BEGIN Source material
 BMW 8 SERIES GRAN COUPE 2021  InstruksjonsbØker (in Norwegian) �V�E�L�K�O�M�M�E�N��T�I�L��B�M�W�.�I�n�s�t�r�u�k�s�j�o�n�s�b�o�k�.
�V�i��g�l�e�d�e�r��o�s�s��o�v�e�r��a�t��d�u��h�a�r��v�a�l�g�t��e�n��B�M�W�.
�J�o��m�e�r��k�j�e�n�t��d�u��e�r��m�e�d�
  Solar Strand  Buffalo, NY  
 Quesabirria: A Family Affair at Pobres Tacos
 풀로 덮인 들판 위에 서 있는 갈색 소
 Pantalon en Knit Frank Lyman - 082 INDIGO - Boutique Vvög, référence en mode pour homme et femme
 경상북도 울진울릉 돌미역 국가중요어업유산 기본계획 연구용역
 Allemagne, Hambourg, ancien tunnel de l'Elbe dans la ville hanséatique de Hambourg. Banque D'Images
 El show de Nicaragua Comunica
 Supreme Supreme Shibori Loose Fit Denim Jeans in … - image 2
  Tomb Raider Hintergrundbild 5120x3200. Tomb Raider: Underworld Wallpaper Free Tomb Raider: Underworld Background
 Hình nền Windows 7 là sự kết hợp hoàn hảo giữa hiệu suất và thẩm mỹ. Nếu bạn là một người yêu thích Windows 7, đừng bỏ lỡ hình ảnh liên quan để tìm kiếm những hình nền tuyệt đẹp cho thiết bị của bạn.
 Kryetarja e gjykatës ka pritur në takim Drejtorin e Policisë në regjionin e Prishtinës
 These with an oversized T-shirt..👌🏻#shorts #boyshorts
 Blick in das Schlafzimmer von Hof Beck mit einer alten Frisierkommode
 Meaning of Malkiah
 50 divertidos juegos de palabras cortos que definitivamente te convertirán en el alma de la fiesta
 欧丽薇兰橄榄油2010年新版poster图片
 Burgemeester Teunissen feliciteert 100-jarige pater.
END Source material
Problem statement: Restate the records above in full, keeping each line exactly as it stands.

Reply to the task:
 BMW 8 SERIES GRAN COUPE 2021  InstruksjonsbØker (in Norwegian) �V�E�L�K�O�M�M�E�N��T�I�L��B�M�W�.�I�n�s�t�r�u�k�s�j�o�n�s�b�o�k�.
�V�i��g�l�e�d�e�r��o�s�s��o�v�e�r��a�t��d�u��h�a�r��v�a�l�g�t��e�n��B�M�W�.
�J�o��m�e�r��k�j�e�n�t��d�u��e�r��m�e�d�
  Solar Strand  Buffalo, NY  
 Quesabirria: A Family Affair at Pobres Tacos
 풀로 덮인 들판 위에 서 있는 갈색 소
 Pantalon en Knit Frank Lyman - 082 INDIGO - Boutique Vvög, référence en mode pour homme et femme
 경상북도 울진울릉 돌미역 국가중요어업유산 기본계획 연구용역
 Allemagne, Hambourg, ancien tunnel de l'Elbe dans la ville hanséatique de Hambourg. Banque D'Images
 El show de Nicaragua Comunica
 Supreme Supreme Shibori Loose Fit Denim Jeans in … - image 2
  Tomb Raider Hintergrundbild 5120x3200. Tomb Raider: Underworld Wallpaper Free Tomb Raider: Underworld Background
 Hình nền Windows 7 là sự kết hợp hoàn hảo giữa hiệu suất và thẩm mỹ. Nếu bạn là một người yêu thích Windows 7, đừng bỏ lỡ hình ảnh liên quan để tìm kiếm những hình nền tuyệt đẹp cho thiết bị của bạn.
 Kryetarja e gjykatës ka pritur në takim Drejtorin e Policisë në regjionin e Prishtinës
 These with an oversized T-shirt..👌🏻#shorts #boyshorts
 Blick in das Schlafzimmer von Hof Beck mit einer alten Frisierkommode
 Meaning of Malkiah
 50 divertidos juegos de palabras cortos que definitivamente te convertirán en el alma de la fiesta
 欧丽薇兰橄榄油2010年新版poster图片
 Burgemeester Teunissen feliciteert 100-jarige pater.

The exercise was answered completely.